Living on the edge: uncertainty clouds the future of Warsaw landmark building now up for sale
Over 18 years after construction work was originally halted, one of Warsaw’s most identifiable landmarks has been put on the market for a minimum asking price of PLN 48.4 million.
Best described as a bizarre concrete sprawl reminiscent of a Bond villain’s lair, work on Literacka 7 was initiated in 1999 by Europol Gaz, a Polish-Russian company that was to oversee a gas pipeline running from Siberia to Western Europe.
Designed by Tadeusz Spychała, an architect better known for the capital’s InterContinental and Sheraton hotels, the ambitious project included several non-standard features such as two indoor tennis courts, a VIP bar with panoramic views and a winter garden.
“Having had the rare privilege of being able to look around the site,” says Krzysztof Chyla of Colliers International, “you see just how monumental it was to be. There’s a real grandeur to it and it’s very easy to imagine how the finished product would have looked.”
Built to make a maximum impact, the plans even envisaged the creation of a natural gas museum.
However, when the pipeline was suddenly cancelled so too was work on the building, leaving Warsaw with a spectacular white elephant that has made robust work of withstanding the vicissitudes of time.

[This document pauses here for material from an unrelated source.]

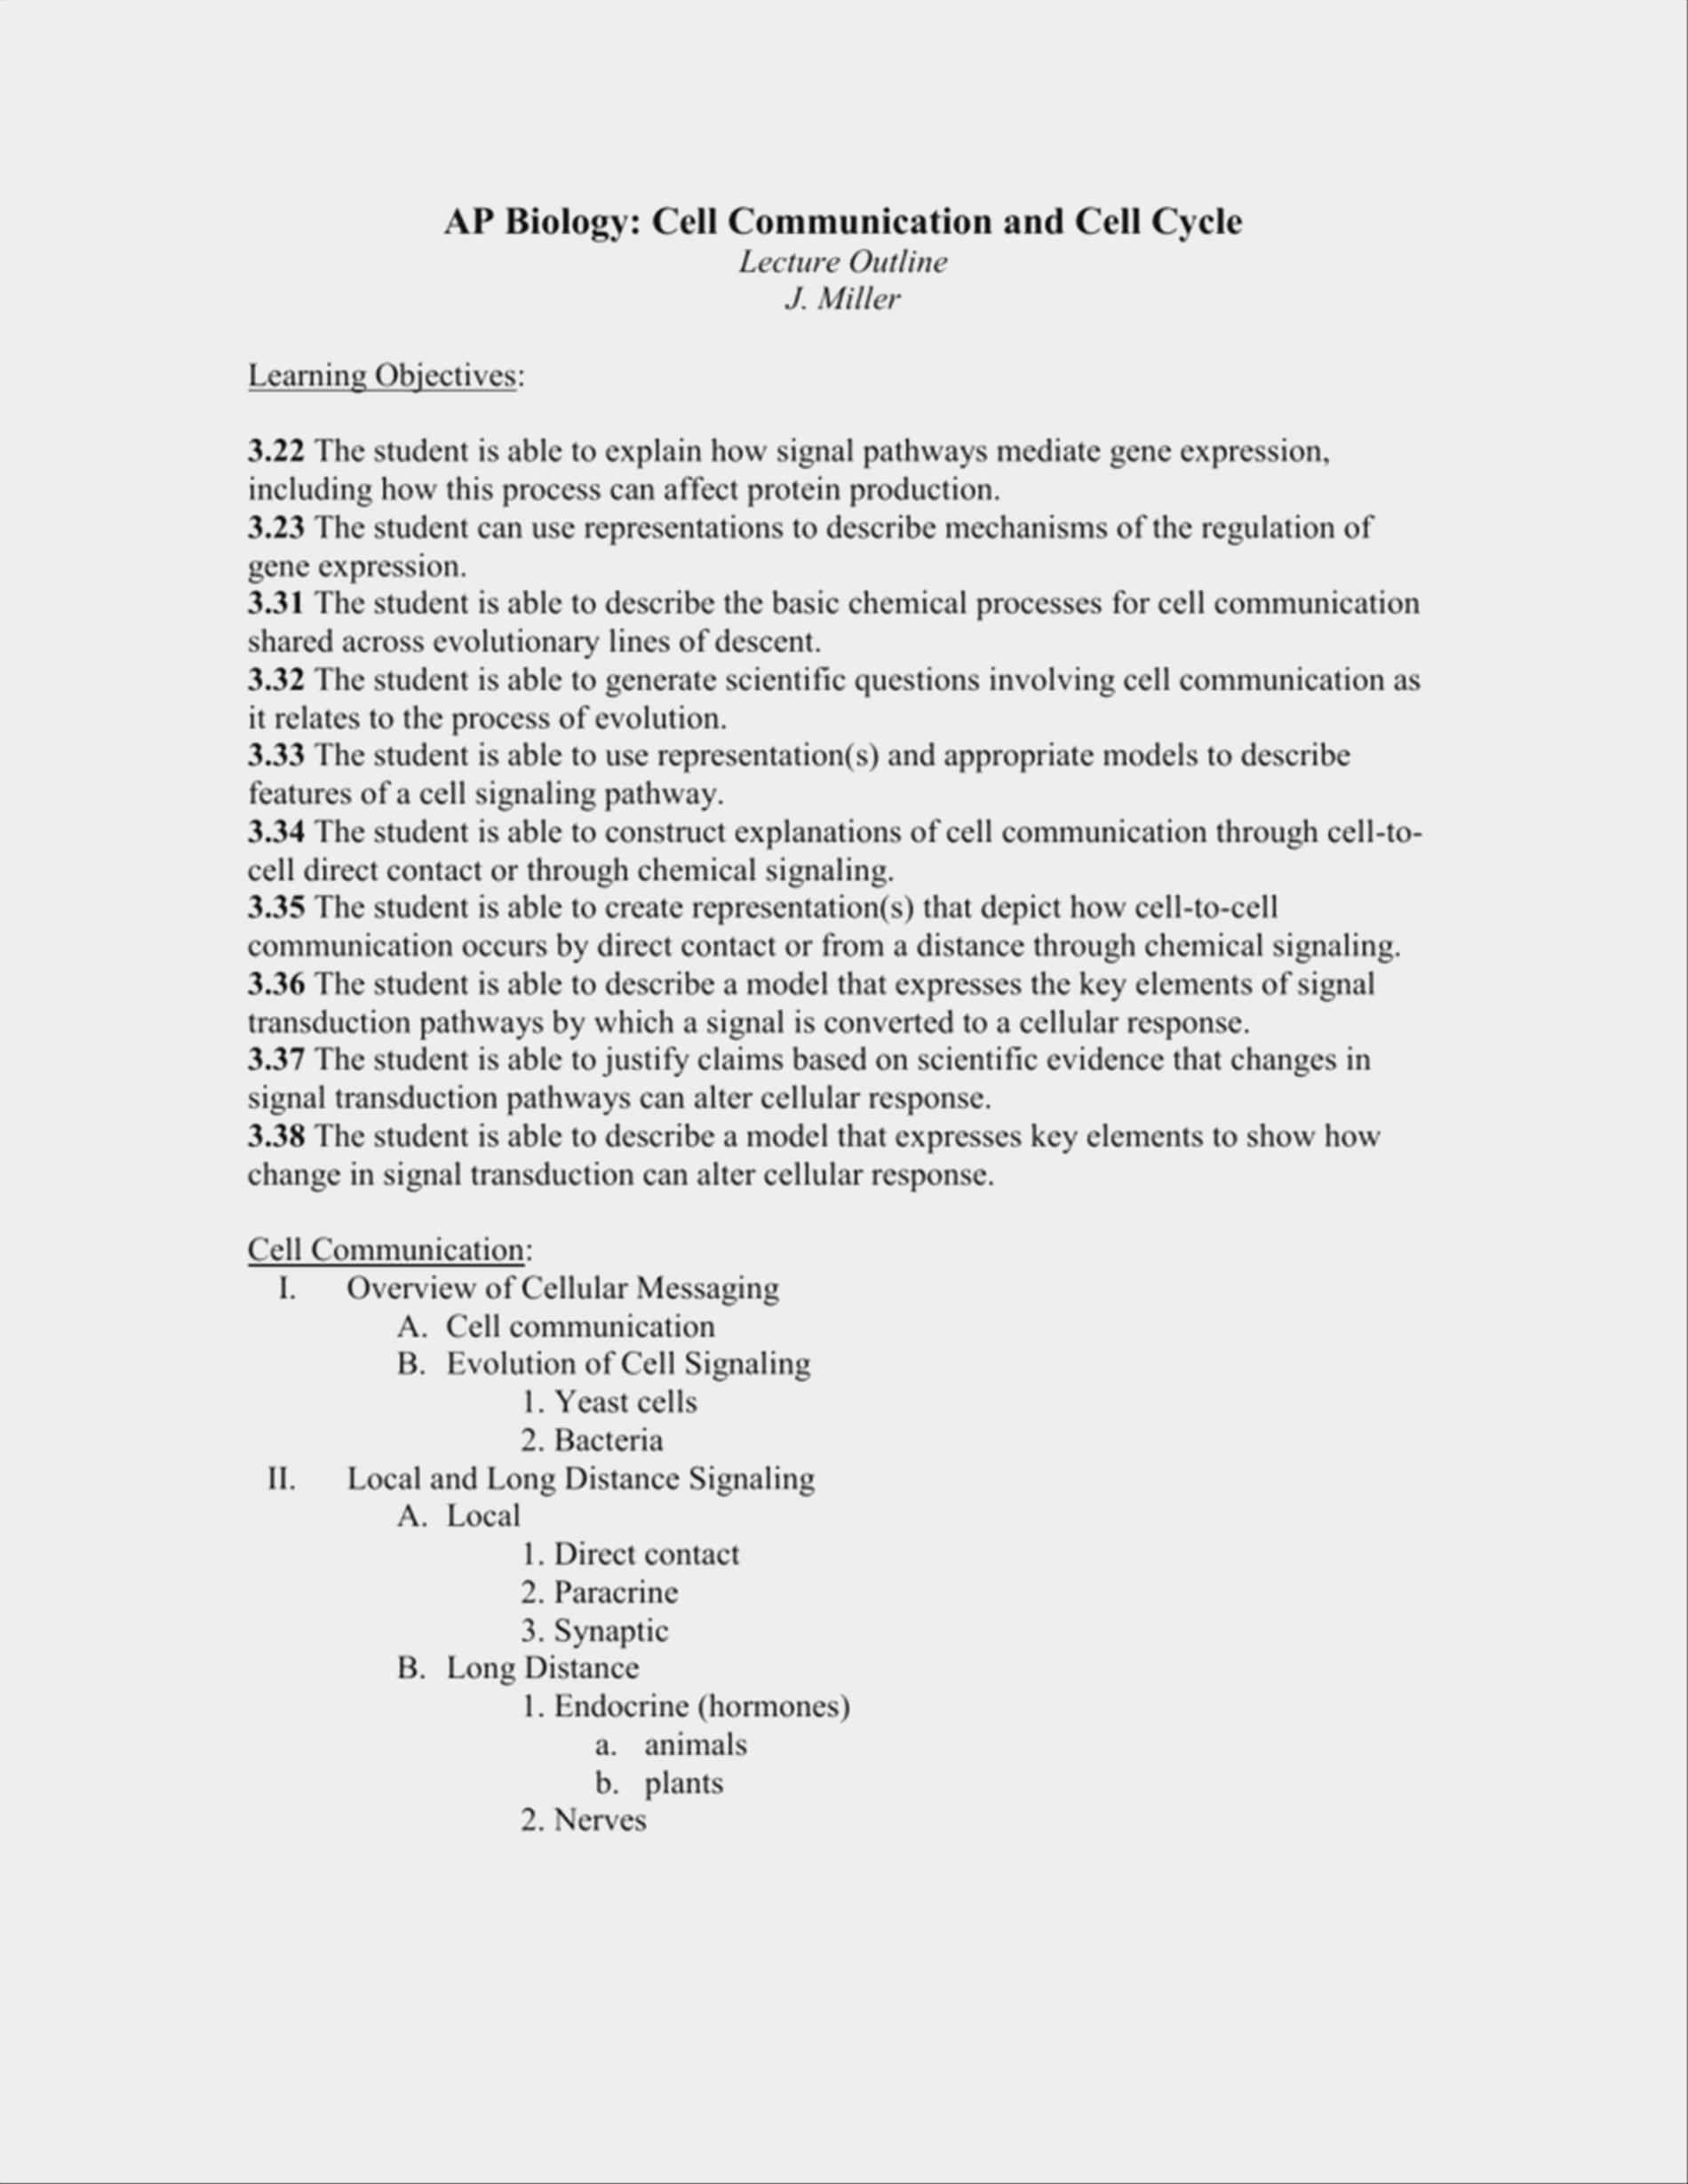 Human Endocrine Hormones Worksheet

“The condition is quite a surprise,” says Chyla. “The materials were all very high quality and the owner did a good job of securing the building from the elements. Theoretically, if someone wanted to convert it into a commercially viable structure then I think it would be possible to do so with just two years of work.”

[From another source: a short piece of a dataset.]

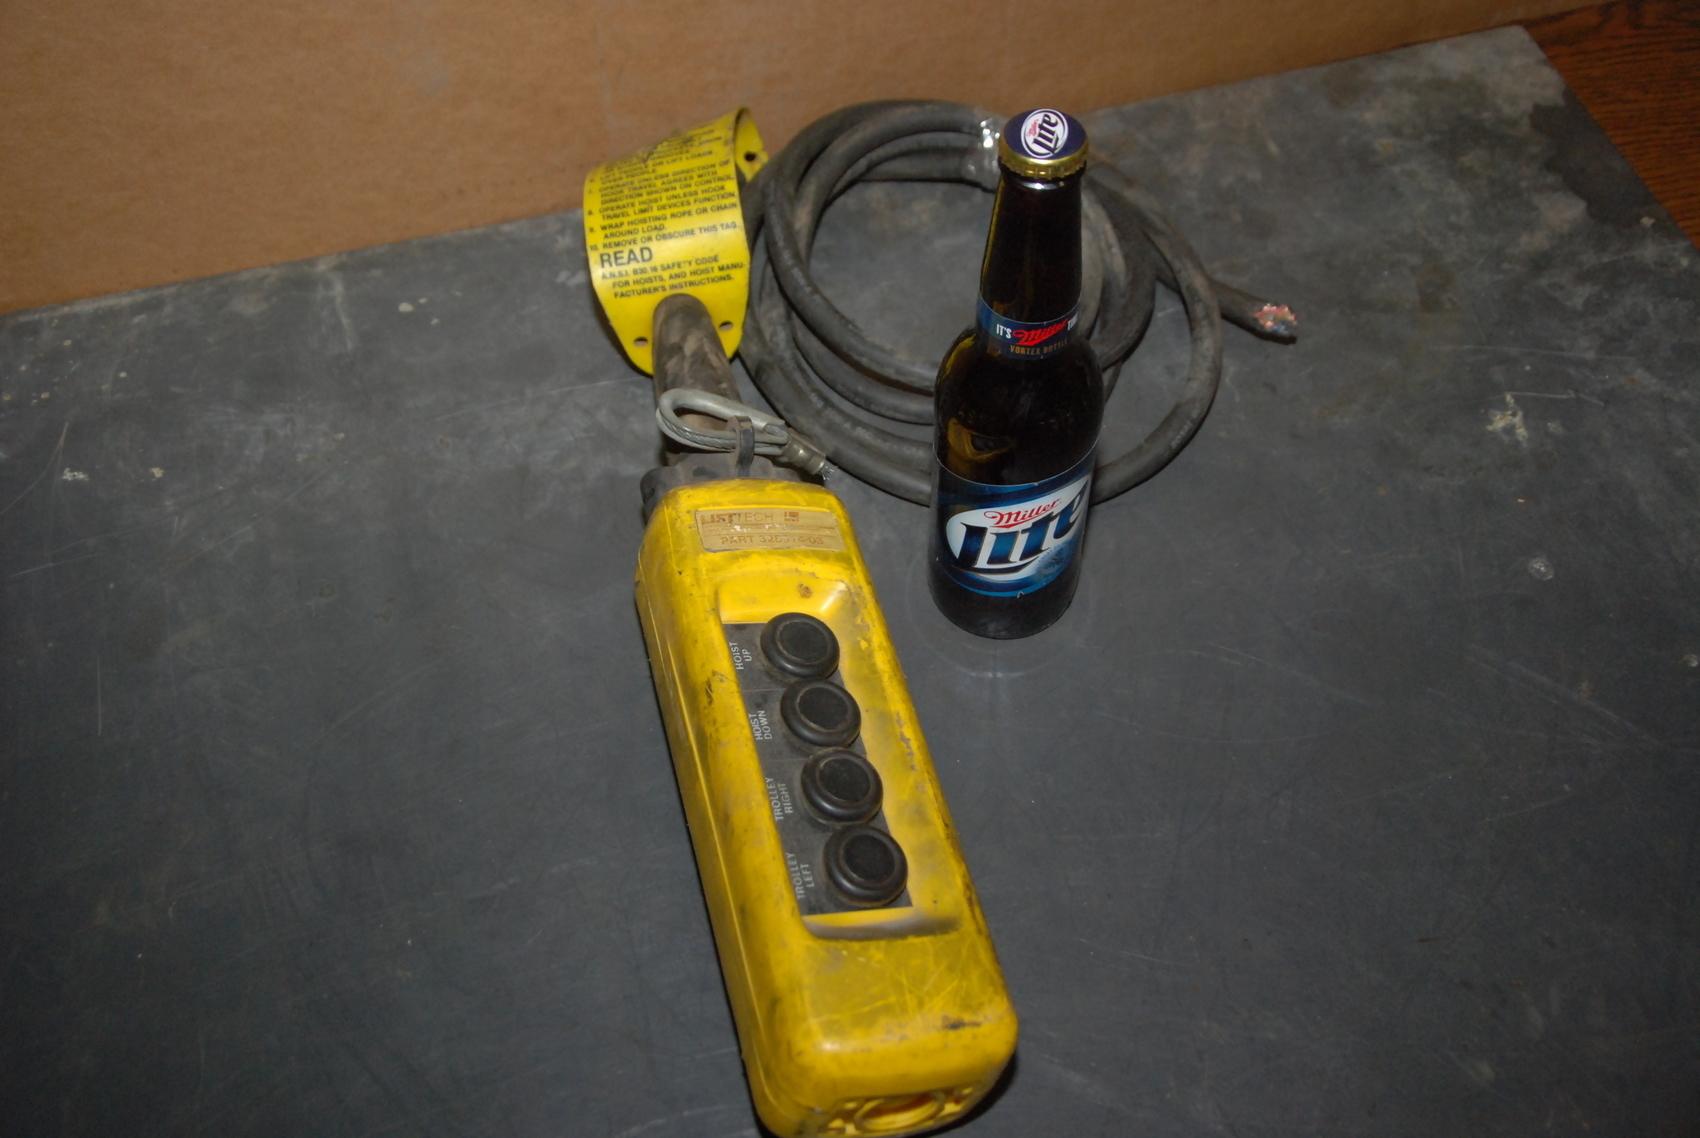 Lift Tech 328314-03 push button station for hoist

This, though, appears unlikely.
Set on the border of Bielany and Żoliborz, the 22,708 square-metre plot falls inside an area that has seen rapid residential development in the last few years, and it is this direction that Chyla suspects potential investors will be looking to explore.
“At Colliers we expect any future investors to be looking towards creating a multi-family development,” he tells TFN.
Though it remains a possibility that any future development would incorporate parts of the existing structure, it’s outright demolition seems the most likely outcome given its investment potential.
“That part of Warsaw is booming in terms of its residential sector,” says Chyla, “and making it even more attractive is the strong social infrastructure that has emerged around it: schools, healthcare facilities, public transport links and all the other things that apartment buyers look for are already present in number. This is a prime spot in an already established area.”
As such, interest has already been high despite the complicated market situation.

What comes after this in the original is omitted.